**YOUR TASK**
Every line with the string "Baseball" should be copied from the data.

Stored data entries
========================
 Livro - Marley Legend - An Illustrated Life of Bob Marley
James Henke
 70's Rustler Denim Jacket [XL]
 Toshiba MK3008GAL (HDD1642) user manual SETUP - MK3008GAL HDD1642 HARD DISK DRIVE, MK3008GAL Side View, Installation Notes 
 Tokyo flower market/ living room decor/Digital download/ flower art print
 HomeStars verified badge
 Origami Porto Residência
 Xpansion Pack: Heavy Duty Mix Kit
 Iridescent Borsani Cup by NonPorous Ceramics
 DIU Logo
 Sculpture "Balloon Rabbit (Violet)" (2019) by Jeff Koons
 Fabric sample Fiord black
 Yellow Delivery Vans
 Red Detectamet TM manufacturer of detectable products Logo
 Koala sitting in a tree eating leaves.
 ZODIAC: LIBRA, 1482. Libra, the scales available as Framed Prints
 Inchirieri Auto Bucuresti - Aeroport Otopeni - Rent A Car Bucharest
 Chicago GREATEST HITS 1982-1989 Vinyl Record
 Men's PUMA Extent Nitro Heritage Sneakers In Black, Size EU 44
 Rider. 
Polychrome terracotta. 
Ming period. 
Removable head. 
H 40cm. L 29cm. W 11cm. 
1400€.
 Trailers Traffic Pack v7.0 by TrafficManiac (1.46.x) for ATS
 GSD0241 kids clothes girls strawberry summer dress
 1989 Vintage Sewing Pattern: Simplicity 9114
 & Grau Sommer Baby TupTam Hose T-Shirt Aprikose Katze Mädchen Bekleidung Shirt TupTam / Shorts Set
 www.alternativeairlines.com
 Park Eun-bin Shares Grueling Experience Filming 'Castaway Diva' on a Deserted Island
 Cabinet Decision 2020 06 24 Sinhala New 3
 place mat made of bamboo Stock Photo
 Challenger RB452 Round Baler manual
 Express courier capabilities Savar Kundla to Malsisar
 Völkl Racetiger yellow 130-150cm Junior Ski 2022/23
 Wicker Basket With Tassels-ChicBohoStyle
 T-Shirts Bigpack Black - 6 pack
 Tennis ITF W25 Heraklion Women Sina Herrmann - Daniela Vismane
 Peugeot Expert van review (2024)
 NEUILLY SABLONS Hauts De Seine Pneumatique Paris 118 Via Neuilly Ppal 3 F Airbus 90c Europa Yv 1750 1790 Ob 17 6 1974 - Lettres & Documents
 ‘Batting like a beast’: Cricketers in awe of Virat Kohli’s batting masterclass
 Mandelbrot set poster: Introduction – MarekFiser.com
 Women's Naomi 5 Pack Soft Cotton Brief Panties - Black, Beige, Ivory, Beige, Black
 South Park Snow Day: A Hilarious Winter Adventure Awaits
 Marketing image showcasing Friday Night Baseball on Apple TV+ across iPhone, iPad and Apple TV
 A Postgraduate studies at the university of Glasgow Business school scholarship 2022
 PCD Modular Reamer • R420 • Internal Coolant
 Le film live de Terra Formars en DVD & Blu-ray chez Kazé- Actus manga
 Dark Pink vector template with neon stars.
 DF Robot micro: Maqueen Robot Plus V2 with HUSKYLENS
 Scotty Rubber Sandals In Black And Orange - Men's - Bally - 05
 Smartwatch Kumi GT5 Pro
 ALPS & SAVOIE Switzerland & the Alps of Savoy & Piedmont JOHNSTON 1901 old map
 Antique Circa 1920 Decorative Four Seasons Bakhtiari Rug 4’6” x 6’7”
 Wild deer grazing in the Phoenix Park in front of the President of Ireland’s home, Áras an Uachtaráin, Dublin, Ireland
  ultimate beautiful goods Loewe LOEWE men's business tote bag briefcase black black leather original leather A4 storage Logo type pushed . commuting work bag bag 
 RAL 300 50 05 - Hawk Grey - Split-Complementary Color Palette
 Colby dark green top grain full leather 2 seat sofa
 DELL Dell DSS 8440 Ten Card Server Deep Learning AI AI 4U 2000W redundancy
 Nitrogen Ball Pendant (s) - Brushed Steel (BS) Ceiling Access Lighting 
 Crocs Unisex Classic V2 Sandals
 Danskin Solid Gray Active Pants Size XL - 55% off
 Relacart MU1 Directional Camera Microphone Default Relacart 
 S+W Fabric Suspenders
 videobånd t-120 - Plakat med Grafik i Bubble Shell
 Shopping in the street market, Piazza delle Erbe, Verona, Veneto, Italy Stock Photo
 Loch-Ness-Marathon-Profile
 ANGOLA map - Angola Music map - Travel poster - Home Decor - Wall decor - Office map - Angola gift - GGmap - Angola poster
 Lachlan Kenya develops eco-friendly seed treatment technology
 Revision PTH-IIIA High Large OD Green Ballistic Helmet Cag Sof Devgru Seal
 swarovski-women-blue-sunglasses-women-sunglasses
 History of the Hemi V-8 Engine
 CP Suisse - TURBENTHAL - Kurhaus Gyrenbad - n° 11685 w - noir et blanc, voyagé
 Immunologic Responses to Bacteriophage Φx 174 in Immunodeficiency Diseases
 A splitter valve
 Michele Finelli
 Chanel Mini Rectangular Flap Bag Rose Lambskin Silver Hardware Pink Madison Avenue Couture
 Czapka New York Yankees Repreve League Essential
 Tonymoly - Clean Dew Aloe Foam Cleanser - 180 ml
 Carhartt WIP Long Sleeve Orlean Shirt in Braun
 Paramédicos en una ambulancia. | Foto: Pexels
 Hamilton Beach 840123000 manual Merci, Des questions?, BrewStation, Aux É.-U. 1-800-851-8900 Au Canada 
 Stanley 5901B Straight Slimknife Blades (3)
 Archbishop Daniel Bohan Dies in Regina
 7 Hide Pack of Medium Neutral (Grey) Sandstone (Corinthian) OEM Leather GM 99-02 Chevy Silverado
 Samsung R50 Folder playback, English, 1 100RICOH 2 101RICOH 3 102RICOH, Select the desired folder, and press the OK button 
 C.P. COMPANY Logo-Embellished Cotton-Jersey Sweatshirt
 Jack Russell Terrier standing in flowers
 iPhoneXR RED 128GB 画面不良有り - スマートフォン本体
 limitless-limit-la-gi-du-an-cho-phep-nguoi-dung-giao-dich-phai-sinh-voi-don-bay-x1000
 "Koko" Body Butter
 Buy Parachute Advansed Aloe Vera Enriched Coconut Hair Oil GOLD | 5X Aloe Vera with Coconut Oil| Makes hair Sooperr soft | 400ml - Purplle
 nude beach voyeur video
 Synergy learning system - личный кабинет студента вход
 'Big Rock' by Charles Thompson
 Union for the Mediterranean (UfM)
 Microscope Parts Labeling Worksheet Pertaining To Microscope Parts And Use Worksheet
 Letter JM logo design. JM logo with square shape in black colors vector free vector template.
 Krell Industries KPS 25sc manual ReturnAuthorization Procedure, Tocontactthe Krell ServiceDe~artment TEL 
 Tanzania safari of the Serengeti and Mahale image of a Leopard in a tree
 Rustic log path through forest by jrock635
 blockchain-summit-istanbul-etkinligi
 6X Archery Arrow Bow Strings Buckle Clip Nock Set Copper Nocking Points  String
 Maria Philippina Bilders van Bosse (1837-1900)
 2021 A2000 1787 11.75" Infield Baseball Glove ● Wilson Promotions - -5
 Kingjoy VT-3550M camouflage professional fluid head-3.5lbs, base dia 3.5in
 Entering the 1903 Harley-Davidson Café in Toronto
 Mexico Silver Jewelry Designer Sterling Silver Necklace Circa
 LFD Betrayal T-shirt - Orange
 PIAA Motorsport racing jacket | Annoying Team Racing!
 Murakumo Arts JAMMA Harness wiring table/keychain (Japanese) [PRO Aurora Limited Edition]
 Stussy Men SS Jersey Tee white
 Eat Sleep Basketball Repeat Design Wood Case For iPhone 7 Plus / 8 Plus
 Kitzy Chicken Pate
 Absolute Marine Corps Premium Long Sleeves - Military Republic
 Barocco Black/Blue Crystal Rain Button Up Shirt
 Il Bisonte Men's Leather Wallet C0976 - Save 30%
========================
**RESPONSE**
 Marketing image showcasing Friday Night Baseball on Apple TV+ across iPhone, iPad and Apple TV
 2021 A2000 1787 11.75" Infield Baseball Glove ● Wilson Promotions - -5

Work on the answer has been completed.